Yes, I was 100lbs overweight and had serious inflammation issues. The best we can figure is my gut biome was messed up from too many years drinking meade, a restaurant diet and the stress of making films.
So I started fasting, and cycling and lost the weight in a year. Then, as I became more fit I started cycling more to 4k miles this year. So, with that - my HR couldn’t break 132 before - and now is at its high at 154 when racing.
I use a Wahoo chest strap as I had troubles with the optical wrist versions. OMG, even different sports bras caused troubles with the HRM. But I think I have that handled now! ha!
Optical monitors work ok for me indoors, but not outdoors. Even so, I wear a Garmin strap indoors, and don’t bother with HR outdoors, mostly because my Fenix 3 no longer works with HR. It picks up my 4iiii cranks just fine though. It’s like 7 years old. I’m never doing long slow stuff outdoors anyway…I don’t have the self-control. I ride gravel exclusively, and I love powering up little hills all afternoon.
Aerotune does something similar and is much much cheaper, and available direct to consumer. (They also do on road aerodynamics testing though I’ve not tried that).
Or Sentiero analytics has a (currently free) basic / beta website which also estimates VO2 max, vlamax, zones, fat-carb usage etc. based on some power inputs for specific durations.
Both are based on the same research you mention, but can’t speak to accuracy. Resulting zones looked reasonable for me though
Plenty of fun ways to do that with Xert and keep things simple to achieve your goals.
Set ATP to Continuous. Set a Slow improvement rate if you wish to gradually increase your training load. TL increase is the single biggest contributor to improving fitness but keep in mind recovery is where that improvement actually happens.
Ride as you wish.
For your “80% easy/easy” select easy endurance workouts (3:00:00 focus) with mostly blue intervals. The bluer the better. Aqua is fine. Green moves you into sweet spot territory (hard endurance).

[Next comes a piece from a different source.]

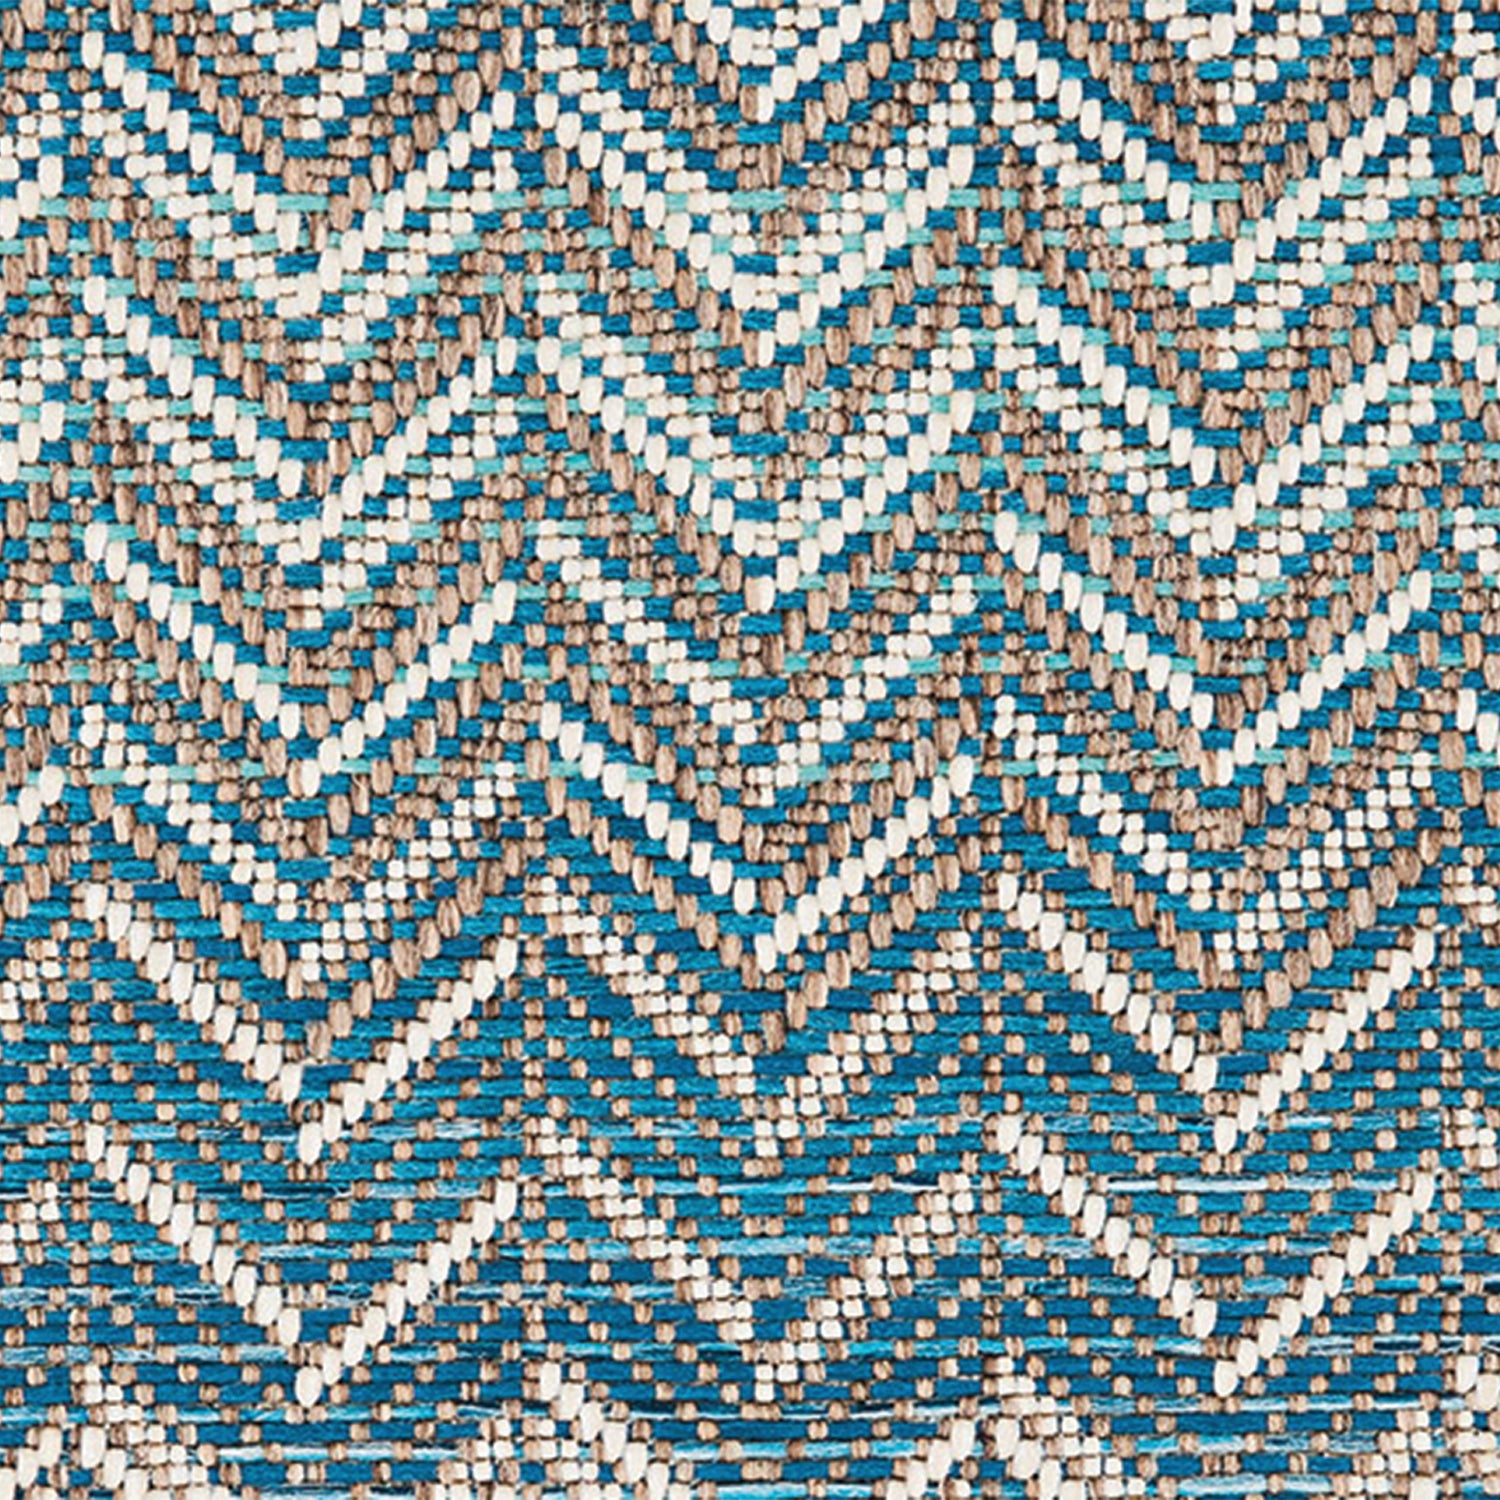 Outdoor broadloom carpet swatch in a striped herringbone weave in turquoise, tan and white.

For example, over/under LTP intervals like Lucy in the Sky or at/below LTP like Back to Blue.
You can do these workouts while wandering around in 3D world if the EBC app controls your trainer and Zwift is only paired to power meter.

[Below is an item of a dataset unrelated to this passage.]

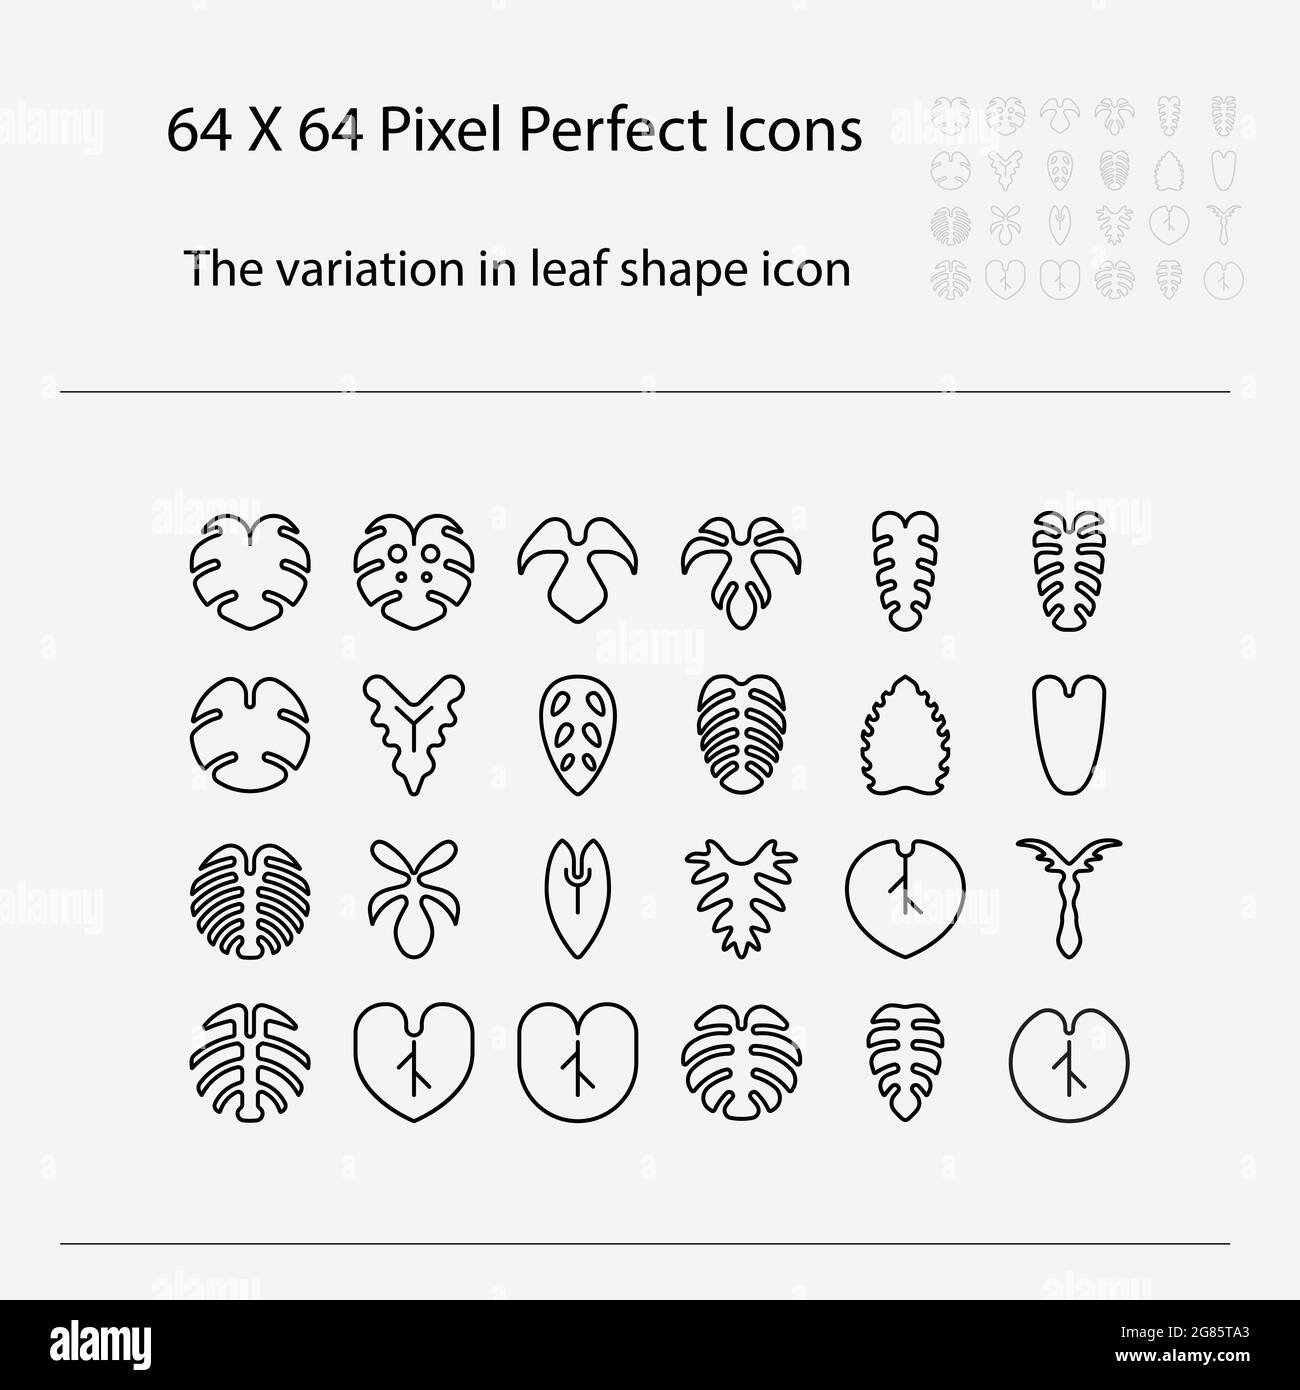 The variation of leaf shape icon. Variation of leaves vector outline icon Stock Vector

Or run EBC while watching the Session Player with a BTW (Bike the World) video. Select from Sessions to do that. Or free ride outdoors to similar focus duration (20:00 and higher) by monitoring watts/HR/RPE or some Xert data fields if you have a Garmin.

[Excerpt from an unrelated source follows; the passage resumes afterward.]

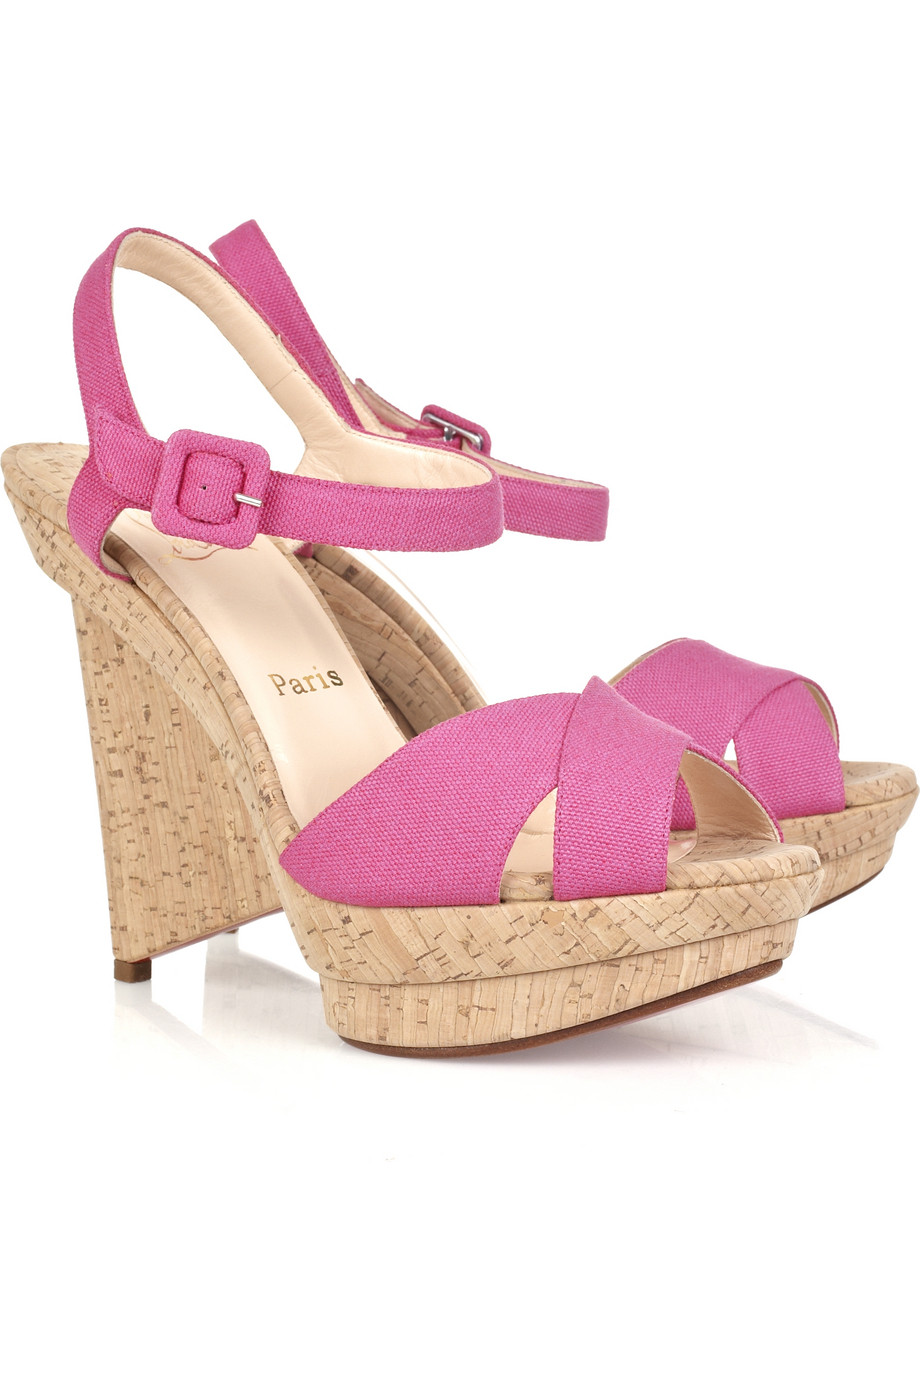 Christian Louboutin Lafalaise 100 Cork Wedge Sandals in Pink | Lyst

Once a week do your HIIT workout or ZRL event as your “20% hard/hard”.
If not getting a BT once a month from HIIT efforts, ride a BT workout to failure in Slope mode to assess any signature change.
Decide which day(s) you want to rest or if feeling stretched just take the day off. Remember, recovery is key.
No need for a VO2max test or zone anguish with an easy/easy, hard/hard approach.
Over time you’ll feel fitter and be fitter regardless of what measuring tools you use. Monitoring the XPMC chart will do. You could slice and dice your data at intervals.icu if so inclined, but a 3 zone/3 level strain model doesn’t require that amount of detail.
Any chance you’ve followed Katie Kookaburra’s journey?
Ultra-endurance is well beyond my scope but to each their own.
Enjoy the ride.
I just tried signing up to Sentiero but it doesn’t seem to be working. The emails confirmation that they send you goes to a blank page when clicked to confirm.
OK. But with me the update button was greyed out so non- functional. I’ll give them another go but it did also say my test period had ended despite only having signed up 5 minutes previously
My confirmation email worked OK but it did say that my rest period had already finished and I needed to email them for a monthly sub. I’ve emailed them for an explanation but don’t expect a response until next week now.
Hello,
I admit to being interested in this code, however, do you know how to estimate the VLamax with high reliability without taking lactate from the start?